[[ Excerpted records, beginning ]]

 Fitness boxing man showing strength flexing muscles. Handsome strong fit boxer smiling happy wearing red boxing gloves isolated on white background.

[[ Excerpted records, end ]]
[[ Excerpted records, beginning ]]

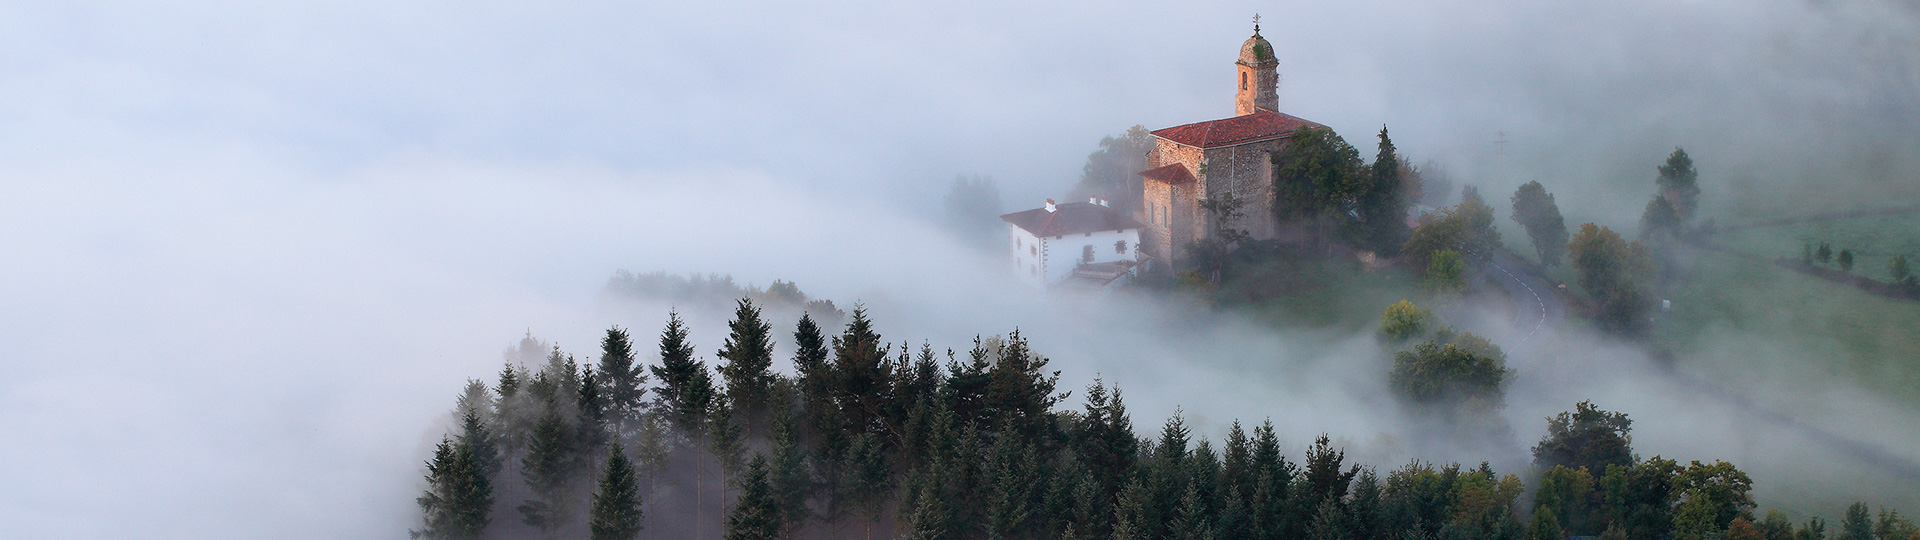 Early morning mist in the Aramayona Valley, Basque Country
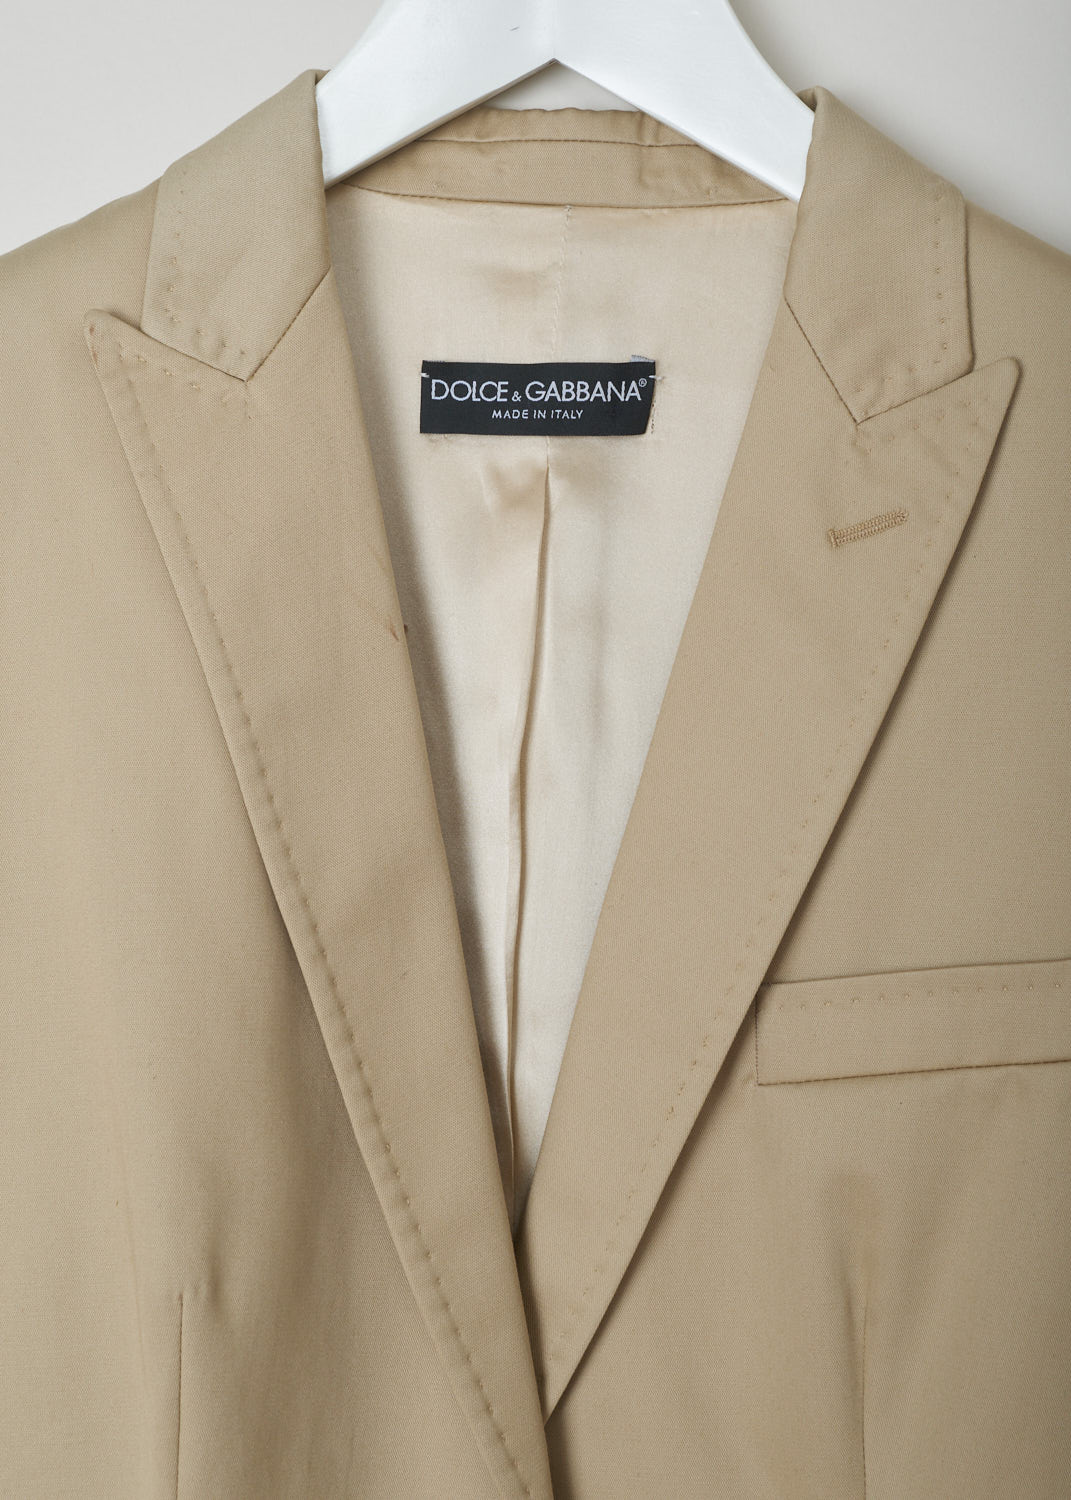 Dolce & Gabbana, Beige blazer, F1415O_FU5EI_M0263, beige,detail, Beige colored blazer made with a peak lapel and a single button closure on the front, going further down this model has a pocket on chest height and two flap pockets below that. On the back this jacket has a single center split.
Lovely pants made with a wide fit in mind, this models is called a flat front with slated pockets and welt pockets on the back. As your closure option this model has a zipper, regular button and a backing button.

[[ Excerpted records, end ]]
[[ Excerpted records, beginning ]]

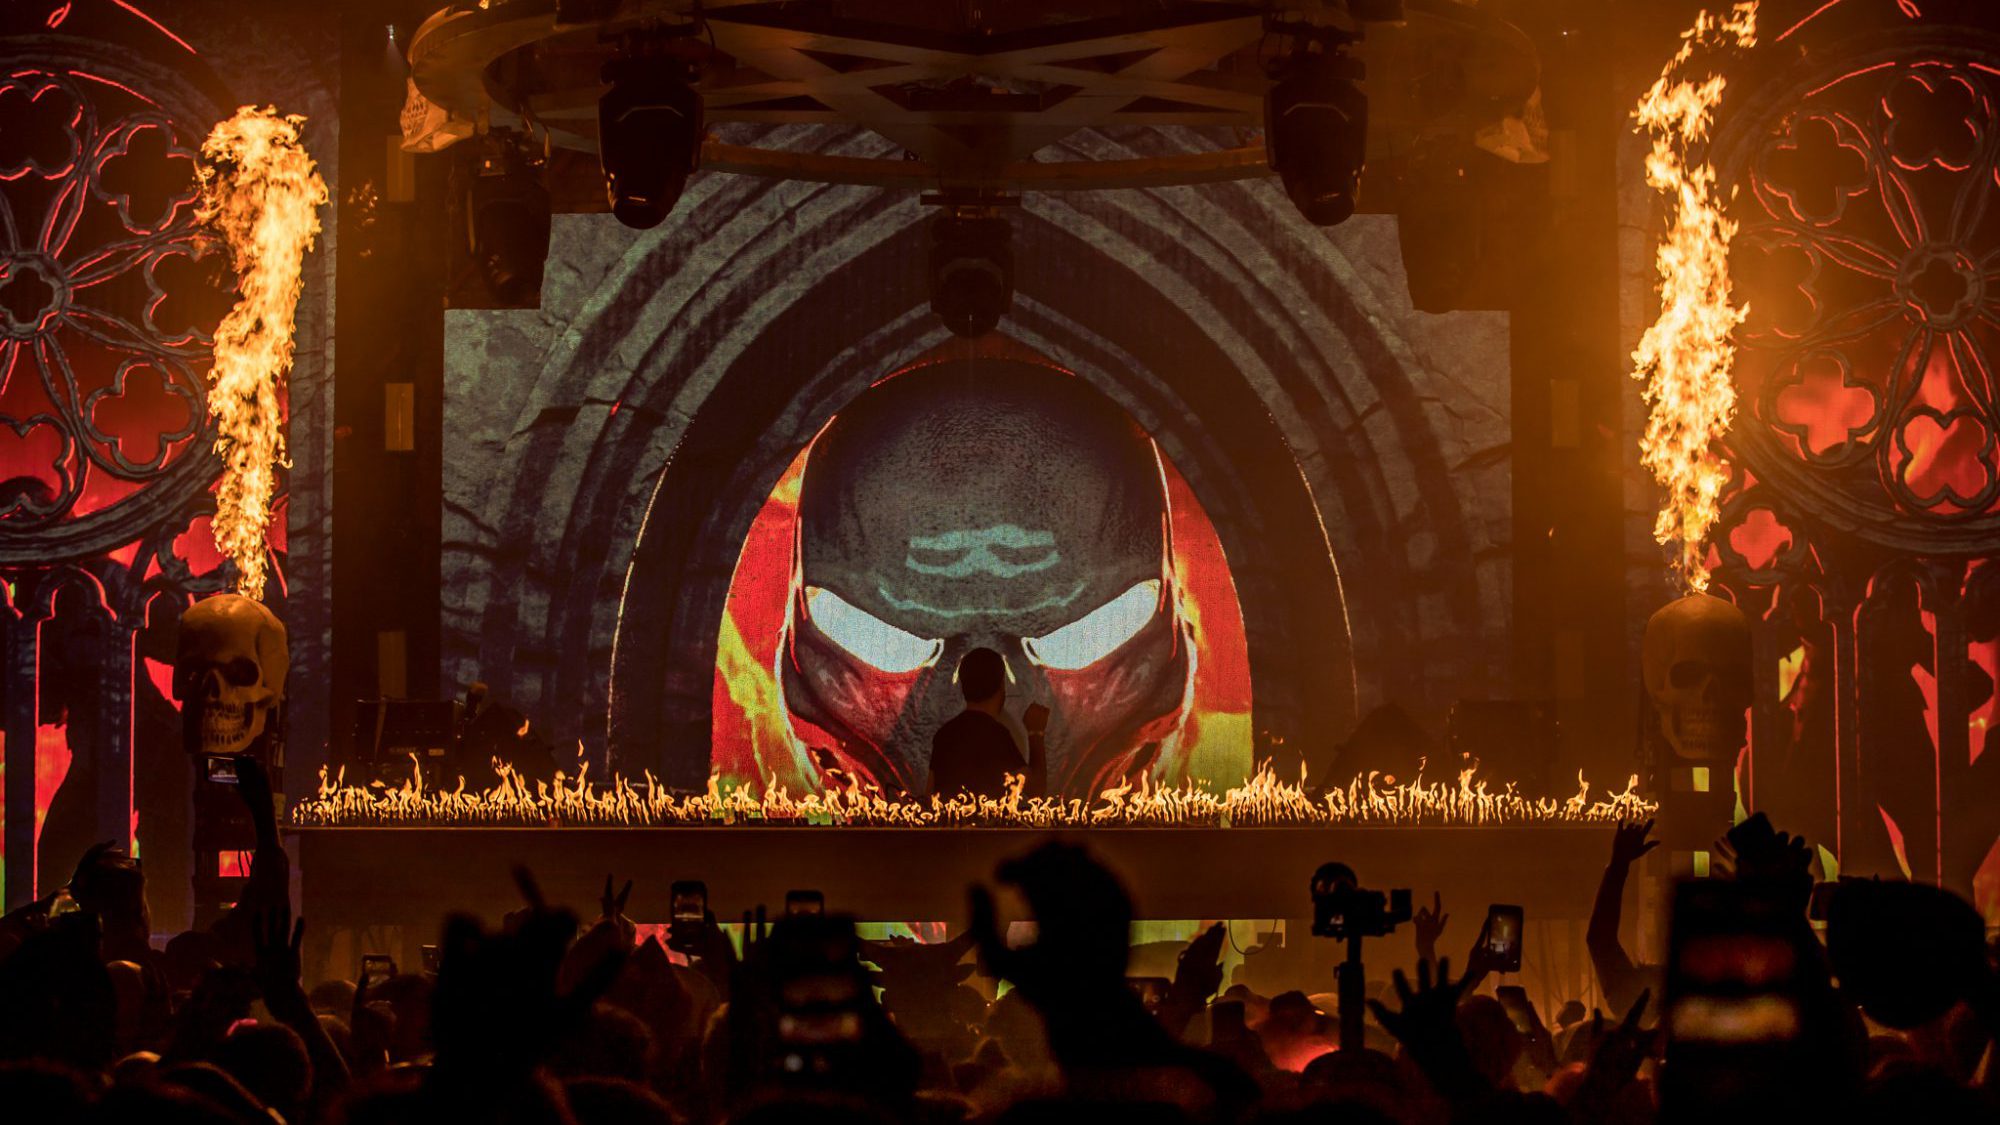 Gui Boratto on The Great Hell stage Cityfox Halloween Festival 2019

[[ Excerpted records, end ]]

**Task:** Your answer must be the lines above from the one holding "Dolce & Gabbana, Beige" up to and including the one holding "Lovely pants made", exact and with no pictures.

**Exercise output:**
 Dolce & Gabbana, Beige blazer, F1415O_FU5EI_M0263, beige,detail, Beige colored blazer made with a peak lapel and a single button closure on the front, going further down this model has a pocket on chest height and two flap pockets below that. On the back this jacket has a single center split.
Lovely pants made with a wide fit in mind, this models is called a flat front with slated pockets and welt pockets on the back. As your closure option this model has a zipper, regular button and a backing button.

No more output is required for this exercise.